Hello readers: It is I, River Song. You may not remember me. It has been nearly a month since I last blogged because my sister Pocket is a blog hog. Nothing aggravates me more than someone bogarting our blog.
Of course, I had to cede my blogging privileges to Pocket because of all the “drama” that has occurred in her life. A storm kept her up at night: “Oh please, Pocket needs to blog about her bad night.” Pocket has a tick that looks like a growth: “You have to let Pocket blog about her frightening week!” I had a tick on me. I didn’t get all Tolstoy about it.
I try to steer away from drama which is why I felt guilty when I went out to pee and came back inside limping. There was no blood, but I was favoring my right leg. I am “No Drama River, ” and my limping was definitely drama. I was sure I could fix the problem by licking following the golden rule that licking trumps limping. This golden rule did not work. My limping became worse.
I immediately got lots of attention. Mommy held me, and Daddy inspected, then Daddy held and Mommy inspected. They found swelling around my paw pad but could not find any cuts, blood or foreign objects. Mommy asked her Facebook friends what they thought. Everyone was very helpful, but I objected to the idea of wrapping it or worse, wearing the cone of shame.
(During this Pocket tried to gain back the drama with a twenty minute collapsed trachea attack but been there, done that, at least for this attack.)
The next morning I started to get special treatment. I was carried outside to the pee spot where I promptly pooped since it was the least I could do considering my parents’ kindness. When I came back inside my foot was soaked with warm water and anti-bacterial soap as it would be each time I went out.
Wednesday morning I messed up bad. Daddy caught me going to town licking my paw. When my parents checked it the wound was swollen. They made a vet appointment for Thursday morning which was a bummer. I still got lots of attention, and, when Pocket went on her walk, I got to ride in our buggy, like I was the Queen, waving to my subjects. That was awesome.

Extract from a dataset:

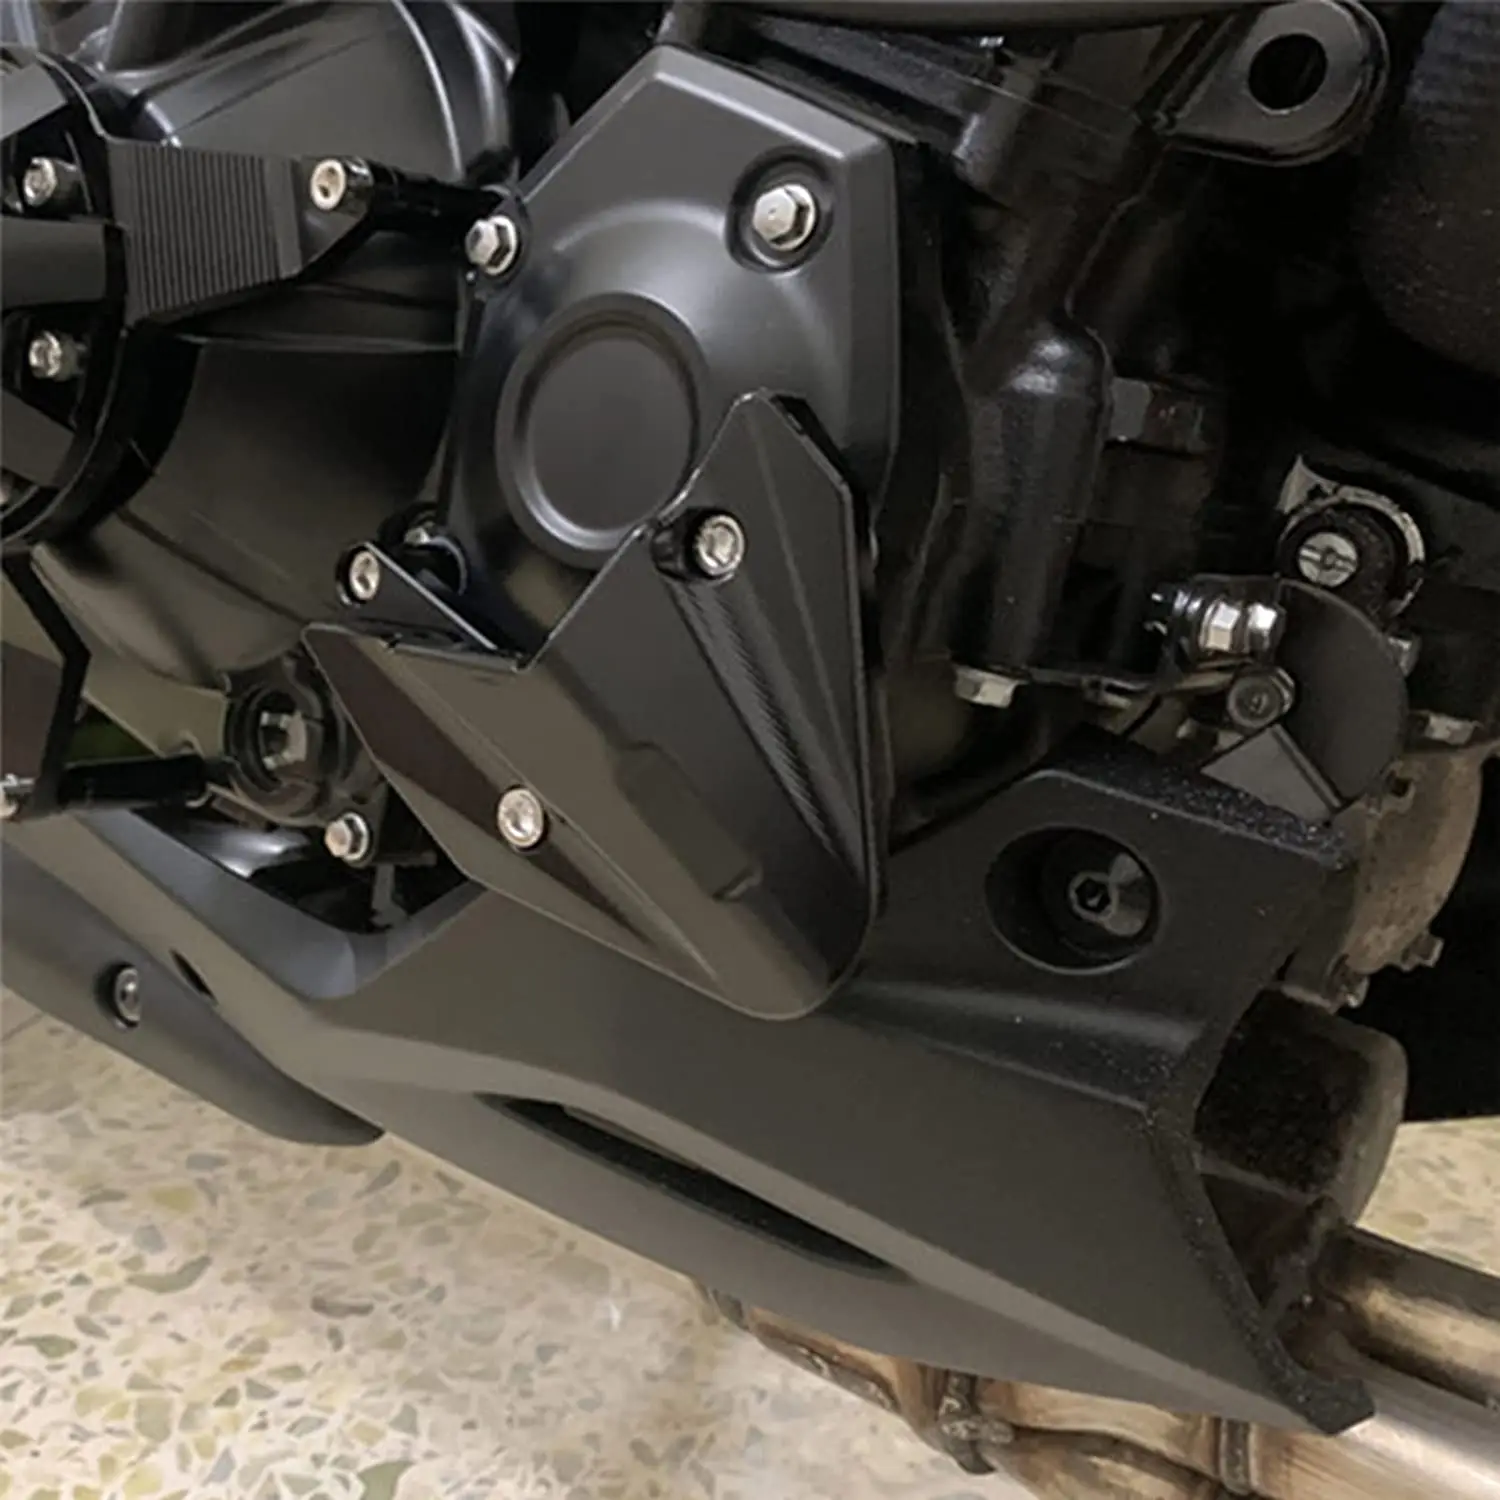 

For KAWASAKI Z900 2017-2021 Z1000 Z1000R Z1000 R 2010-2021 Motorcycle Frame Slider Engine Guard Protector Case Cover Crash Pad

This morning I went to vet. She looked at my paw, felt me all over, and said I was suffering from allergy, most likely from mold spores. She said my raw paw was self-inflicted. I did not appreciate that. I never self-inflict. I have standards.
I got a steroid shot, and steroid pills to help with the allergy. I didn’t need to get my foot wrapped, and, unless I can’t stop licking my paws, which I should because the medication will stop them from itching, then I might need the cone of shame. Please pray for no cone of shame.
Now, not only do I get special ear washes, but I am going to get foot baths too. I really do like the attention.
A little scratching and rawness is a small price to pay for lots of attention.